UV/Vis spectra of PPAs 5 a,b, 6 a–c, and gold complexes 7 and 8 in CH₂Cl₂ at room temperature. Synthesis of phosphole-phosphaalkenes (PPAs) 5,6 a–c.

Figure 4

The relative conformations between the P=C double bond and the orientation of the phosphole. The designation s-cis is used when the torsion angle between the two phosphorus heteroatoms is close to 0° (top left) and anti when the torsion angle between the two phosphorus heteroatoms is close to 180° (top right).
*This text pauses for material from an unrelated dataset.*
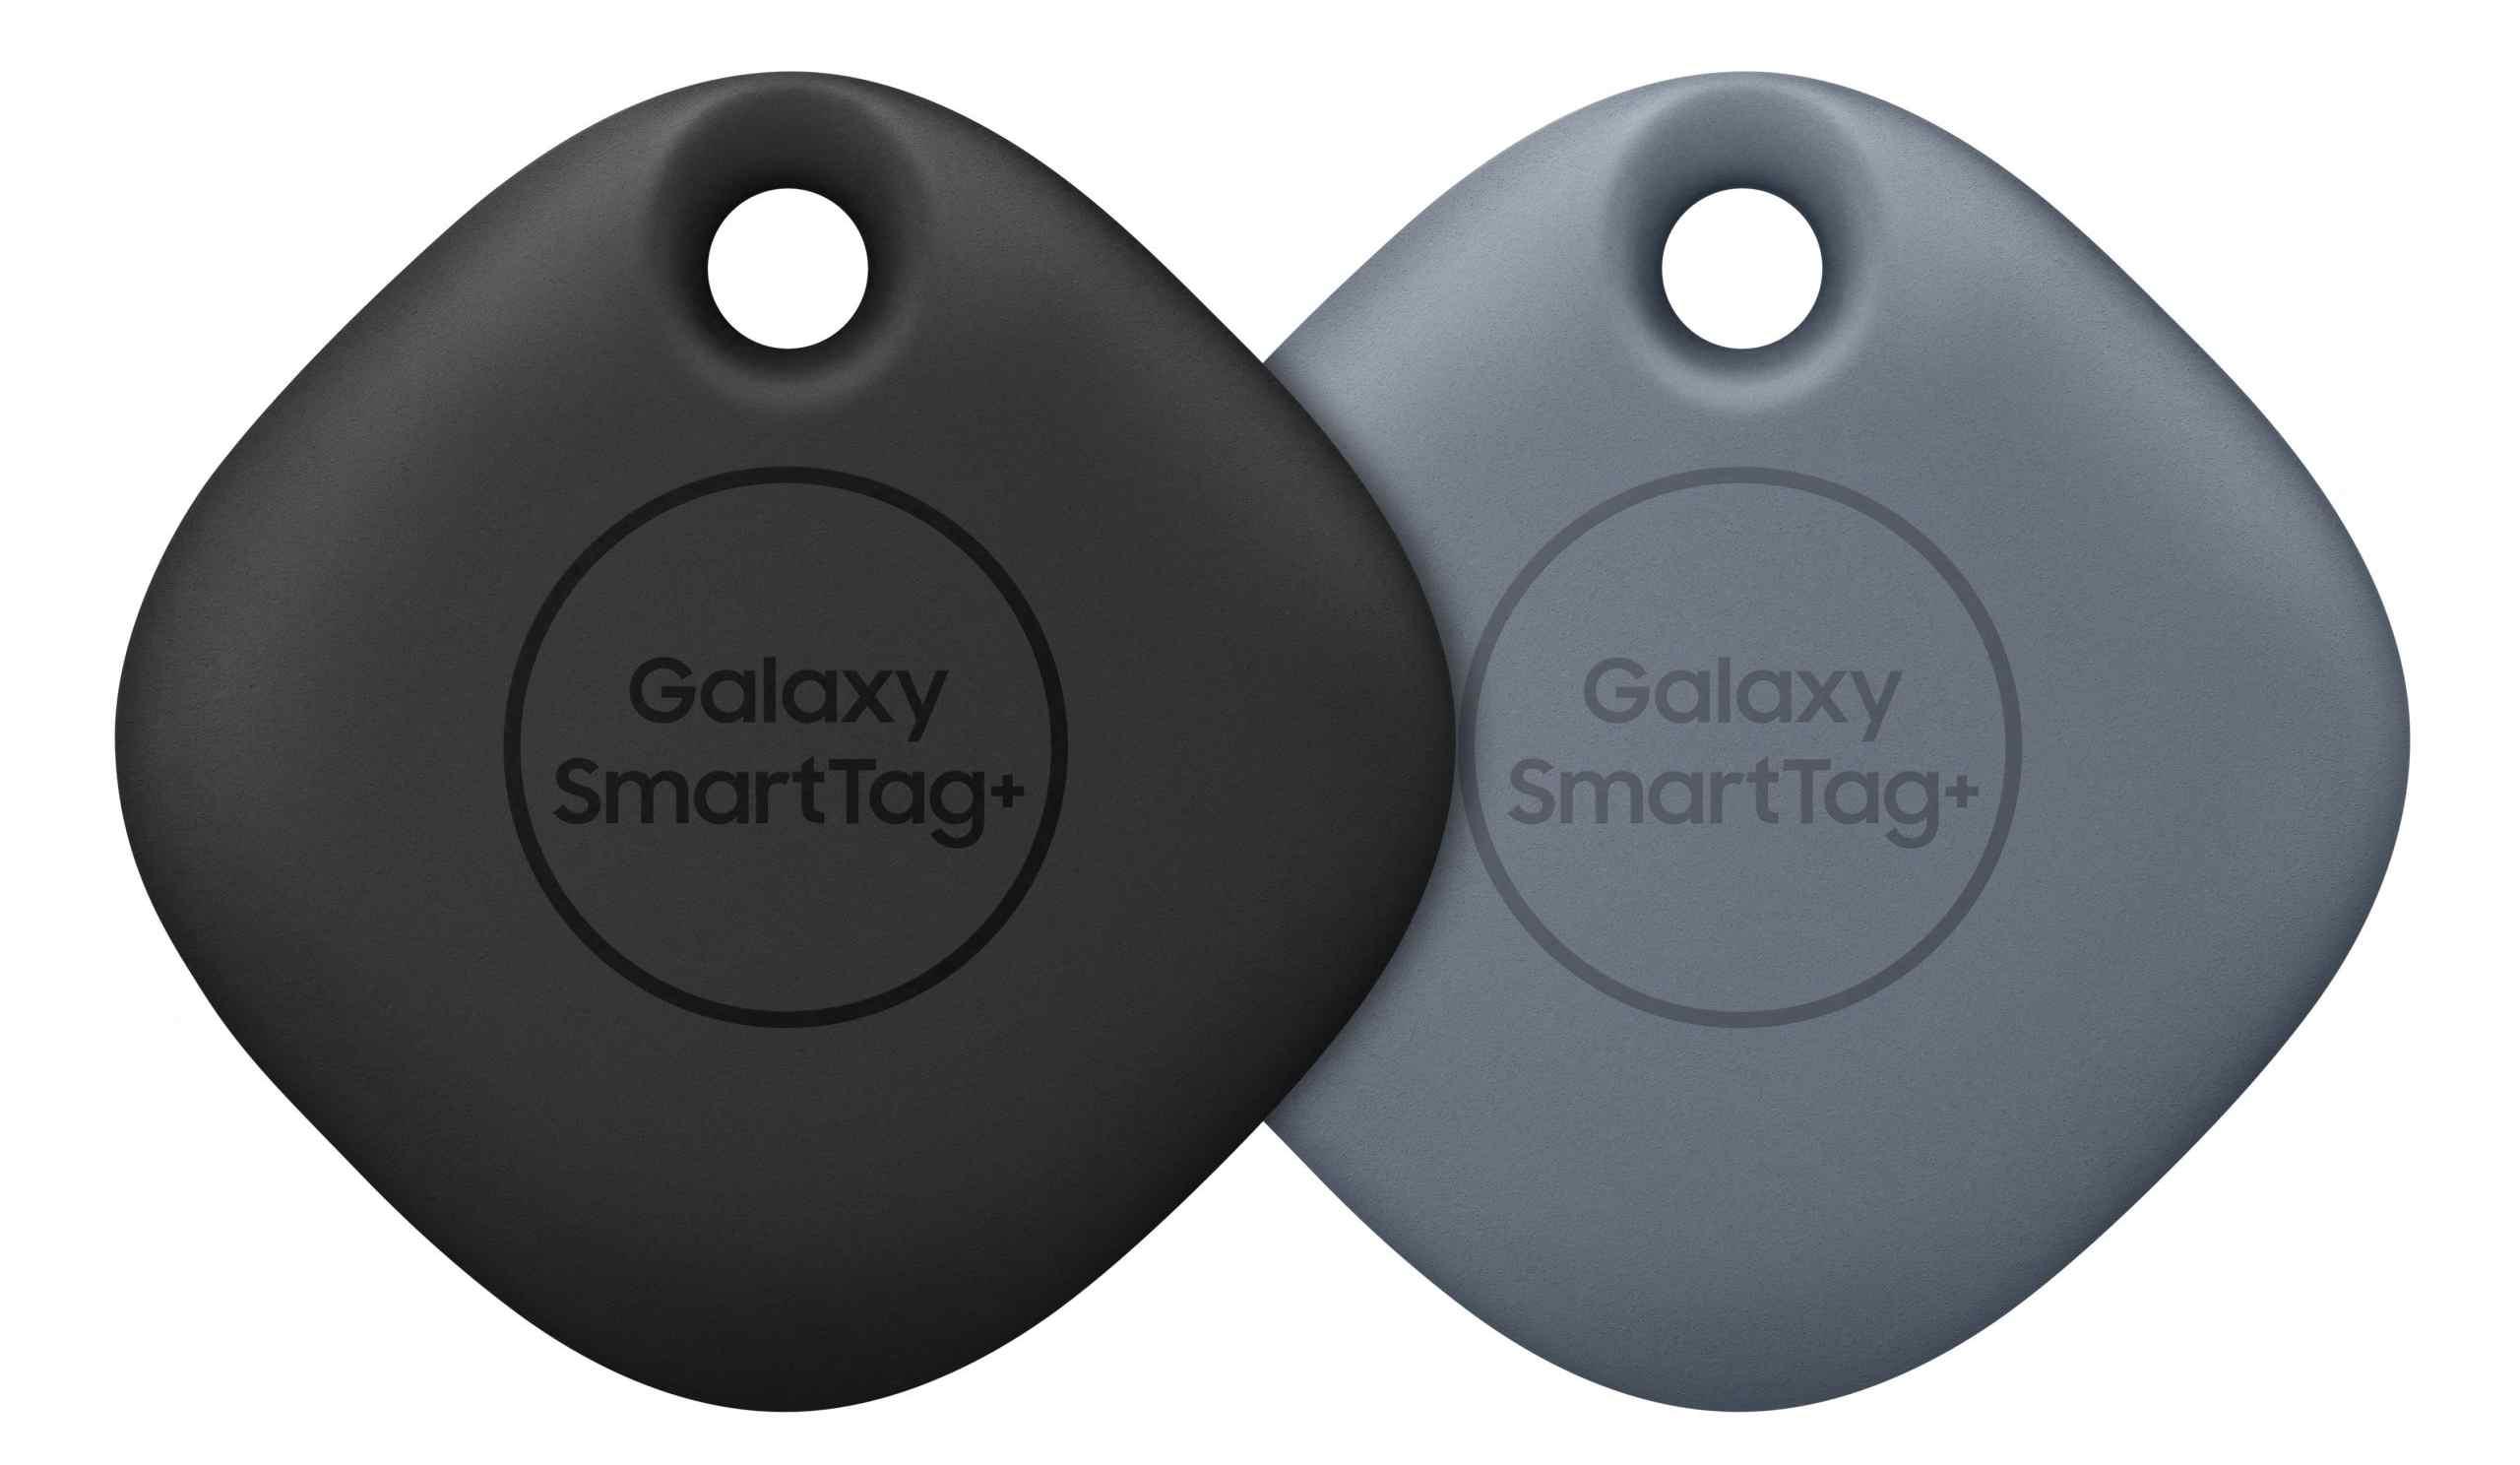 مشخصات و بررسی ردیاب Samsung Galaxy SmartTag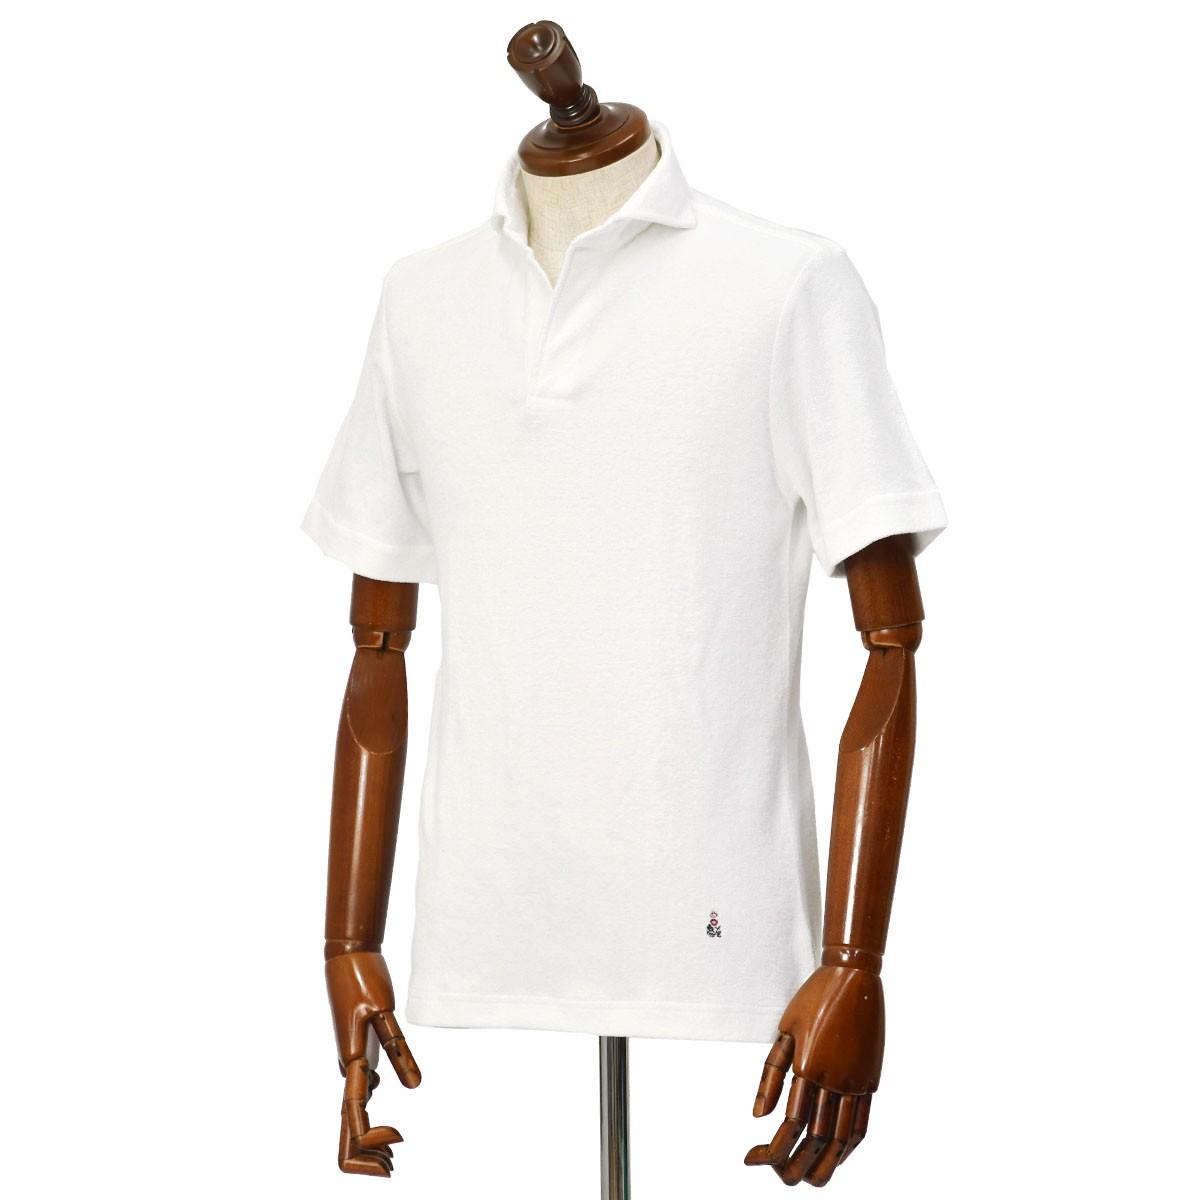 GUY ROVER【ギローバー】 半袖スキッパーポロシャツをご紹介致します。

The designation s-cis/s-trans is used when the torsion angle between the two phosphorus heteroatoms is close to 0° and the torsion angle between the phosphole phosphorus and the nitrogen (or sulfur for 5,6 b) is close to 180° (bottom left); s-cis/s-cis is used when the torsion angle between the two phosphorus heteroatoms is close to 0° and the torsion angle between the phosphole phosphorus and the nitrogen (or sulfur for 5,6 b) is close to 0° (bottom right).

Figure 5

Calculated HOMO and LUMO with orbital energies [eV] for PPAs 5 and 6 at the DFT B3LYP/6-311G** level of theory; Δ_H–L HOMO–LUMO splitting in eV.

Figure 6

Calculated HOMO and LUMO with orbital energies [eV] for PPAs 7 and 8 at the DFT PBE1PBE/6-311G**/LANL2DZ level of theory; Δ_LUMO–HOMO HOMO–LUMO splitting in eV.